Темы этой с избытком хватило бы до самого открытия кино, но во избежание рискованных поворотов в разговоре сочинитель уже выскакивал в коридор, прихватив с собою плачущего Иеремию мнемоническим способом собственного изобретения.
К Манюкину сочинитель стучался всегда не вовремя, – тот еле успевал сунуть в ящик стола клеенчатую тетрадку, куда за минуту перед тем торопливо вписывал что-то, после чего прятался за постельную занавеску в намерении переждать. Впрочем, осведомленный о тайных манюкинских занятиях, Фирсов обычно давал ему время привести себя и стол в порядок…
– Можно?
Жирной меловой чертой комната была поделена на две половинки, и каждая в полном соответствии выражала характер своего обитателя. Если чикилевская сторона отличалась казарменной чистотой, – газетные подшивки аккуратно хранились на сундуке, а из-под кровати выглядывала старая, довольно скособоченная, но до угрожающего блеска начищенная обувь, и вообще всякий предмет служил на пределе своих возможностей, то в манюкинской также буквально во всем читалась смертельная одышка человека, которому лишь бы добежать как-нибудь до назначенного вскорости конца… Свежепролитые второпях чернила на столе, легчайшая дрожь на занавеске и прежде всего знакомая облезлая шапка на стуле выдавали присутствие хозяина; среди немытой посуды, на подоконнике, торчала головка водочной бутылки.
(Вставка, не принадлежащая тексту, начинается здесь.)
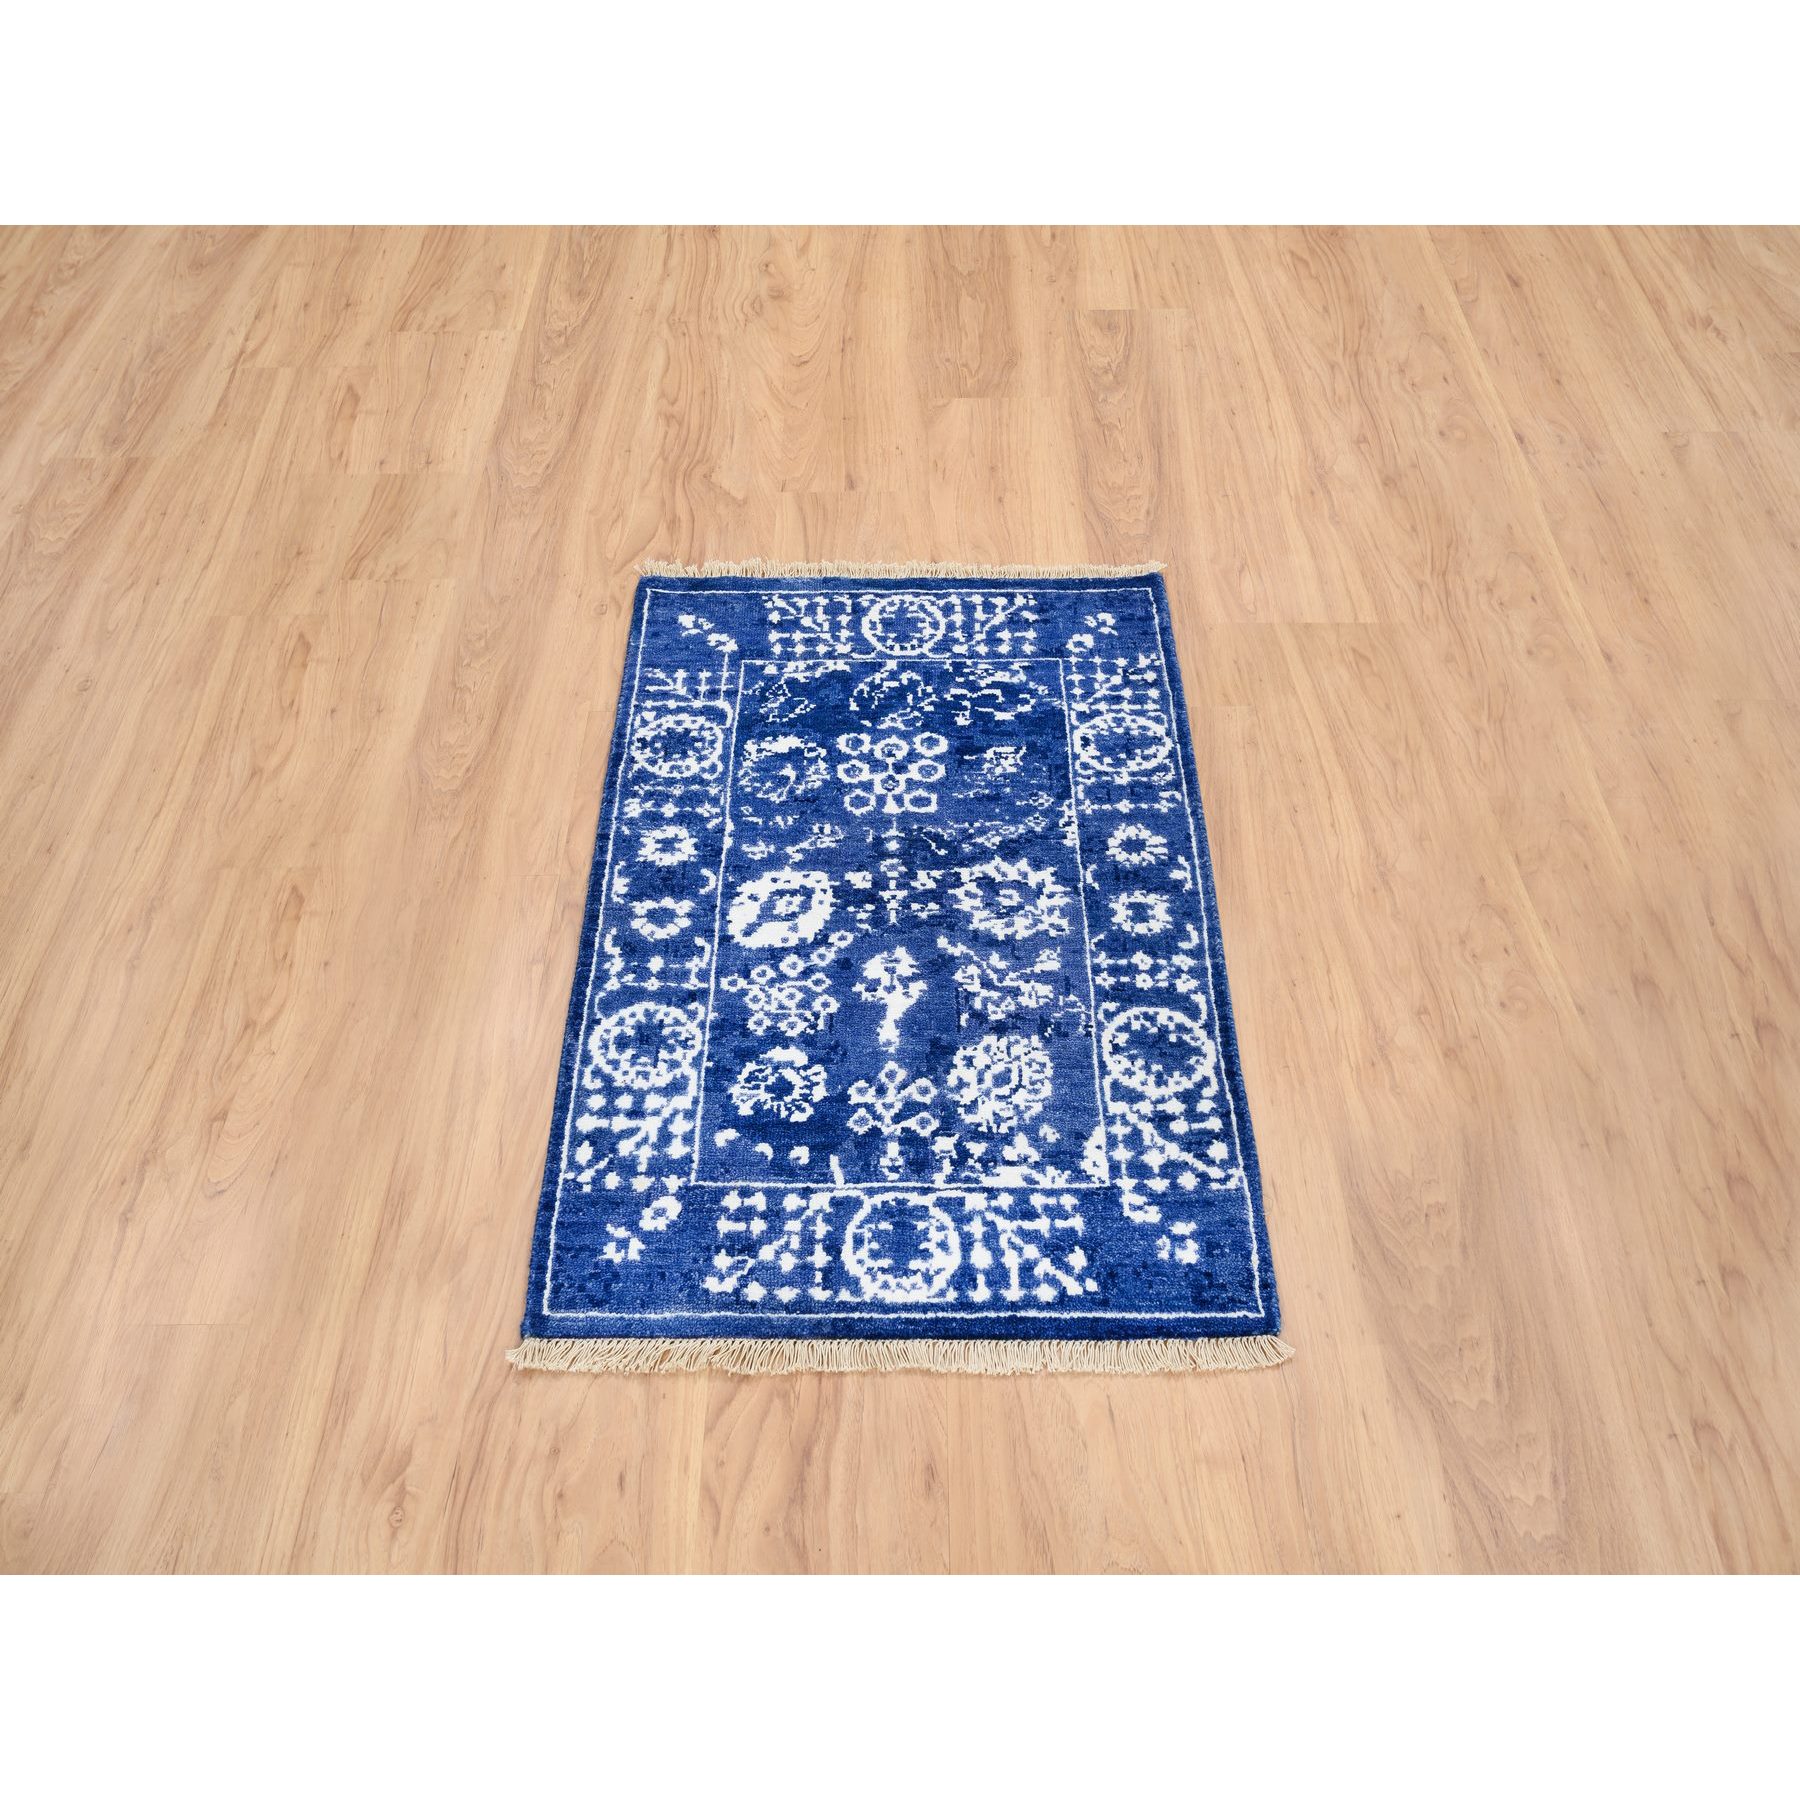 2'1"x3' Denim Blue, Wool and Silk Hand Woven, Tabriz with All Over Motifs Tone on Tone, Mat Oriental Rug

Не имея иного способа словить свою добычу, Фирсов осторожно вытянул бутылку и сделал вид, будто собирается глотнуть из горлышка. Этого даже в нынешнем плачевном состоянии не смогла вынести манюкинская натура.
– Позвольте, ведь там же кружка рядом имеется! – сдавленно произнес Сергей Аммоныч, в красных пятнах от смущенья появляясь из укрытия; впрочем, Фирсов успел вернуть бутылку на прежнее место.
– Рад вас приветствовать в полном здравии…
– Мерси, мерси… – как с морозу, потирал руки Манюкин. – Признавайтесь, ведь знали, что подглядываю?
– Разумеется, знал, – усмехался и Фирсов.
– Уйма шутников на земном шаре развелось, все опыты проделывают друг над дружкой. Вот и Чикилев тоже шуточку вчера отколол. Задремал я вроде начерно, а он и принялся помещение мое обмеривать… «Чего вы там, Петр Горбидоныч, вкруг меня елозите?» – спрашиваю. «Да вот, – отвечает мне с колен, – в связи с предполагаемой моей женитьбой прикидываю – где мне купленный мною шкаф кленовой фанеры поставить, а где ширмочку с перламутрой». – «Так ведь я вроде живой пока!» – резонно напоминаю. «Это ничего не значит, – смеется. – Вы вполне обреченный человек. Уж если вы теперь кое в чем, с самого начала, хе-хе, разочарованы, так чего же от вас в будущем, когда все развернется, можно ожидать? Я, говорит, вчера такие ваши мысли во сне подслушал, что…» А действительно, я уж раза два его заставал: проснусь, а он сидит возле и в бумажку записывает. У меня с детства привычка, знаете, разговаривать во сне.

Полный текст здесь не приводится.